Bahkan, lurah tersebut sangat jelas dalam video yang viral, dirinya sendiri memperkenalkan calon Ketua RT/RW ke warga dengan beralasan membagikan kupon Jumat Berkah,” tegas Idham, mengisyaratkan pelanggaran nyata terhadap prinsip netralitas yang seharusnya dijunjung tinggi oleh pejabat publik.
Lebih lanjut, Idham juga mengajak seluruh warga Kota Makassar untuk tidak menerima atau mau diintervensi oleh lurah maupun camat dalam kontes pemilihan Ketua RT/RW. Ini adalah layanan penting bagi setiap individu untuk mempertahankan hak pilih mereka secara bebas dan rahasia.

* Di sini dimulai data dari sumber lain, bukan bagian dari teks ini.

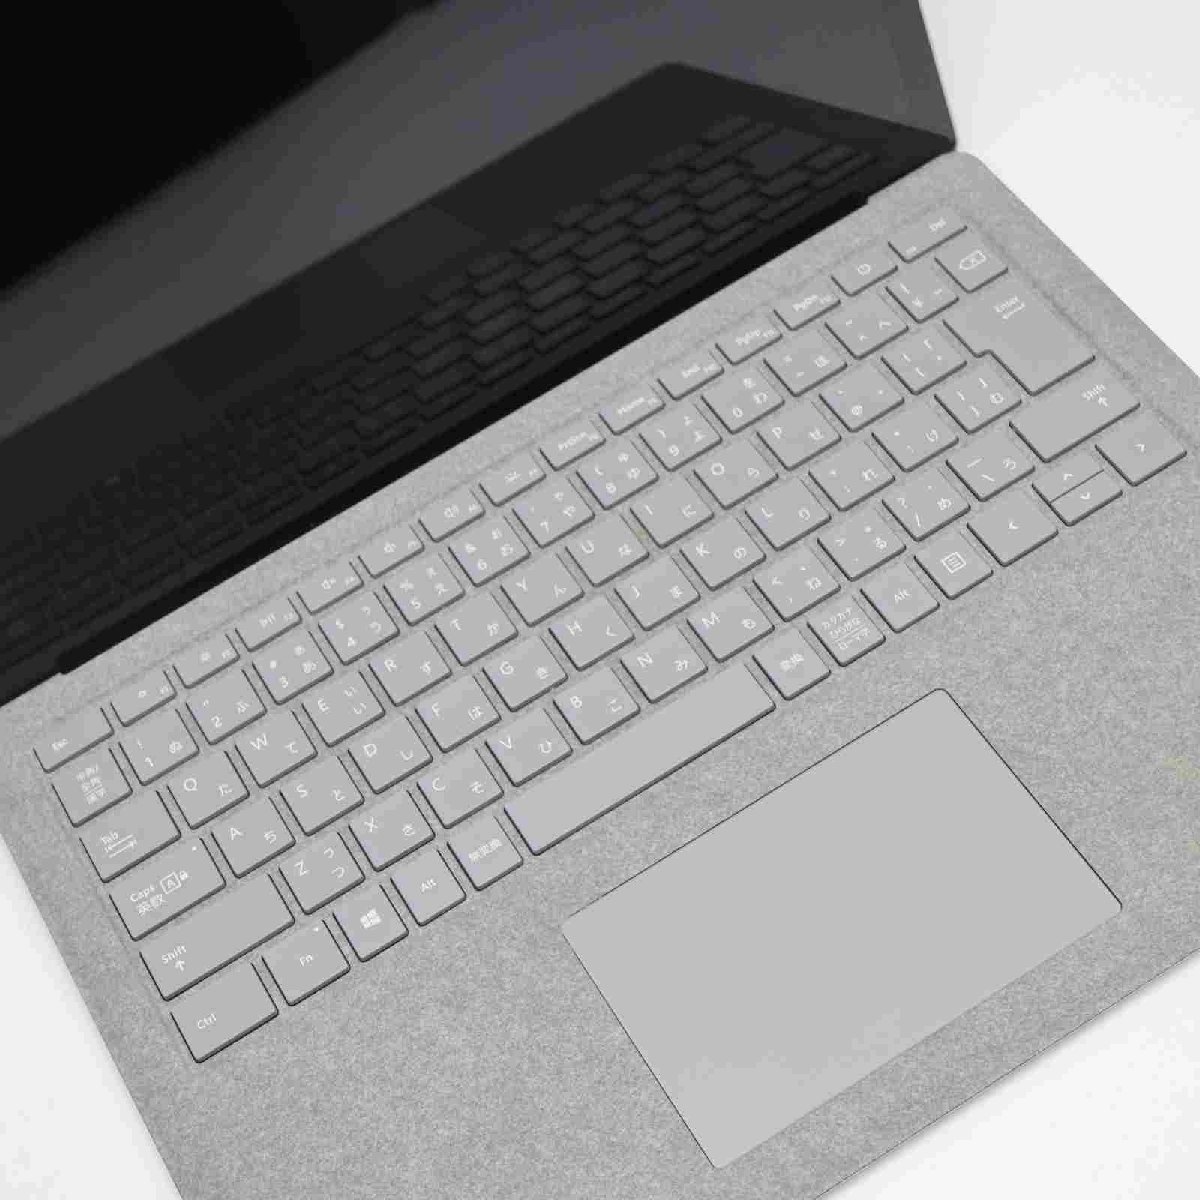 美品 Surface Laptop 1 第7世代 Core i5 8GB SSD 256GB サーフェス Microsoft 中古 即日発送 あすつく 土日祝発送OK_画像2

“Lurah maupun camat seharusnya netral karena mereka adalah pemerintah setempat. Stop mengintimidasi atau memaksa warga untuk memilih calon Ketua RT/RW dari pesanan lurah,” tambahnya, mengingatkan kembali akan fungsi dan tanggung jawab seorang pemimpin daerah.
Kejadian di Buloa ini menjadi pengingat penting bagi kita semua bahwa integritas proses pemilihan, bahkan di tingkat RT/RW sekalipun, adalah fondasi penting bagi demokrasi yang sehat. Pejabat publik harus menjunjung tingkat netralitas dan transparansi yang tinggi, sementara warga harus sadar akan hak mereka untuk memilih tanpa tekanan atau intimidasi.
Mari kita bersama-sama mengawal setiap proses pemilihan di lingkungan kita, memastikan bahwa suara rakyat adalah penentu utama, bukan intervensi dari pihak manapun. Demokrasi yang kuat dimulai dari komunitas yang berdaya.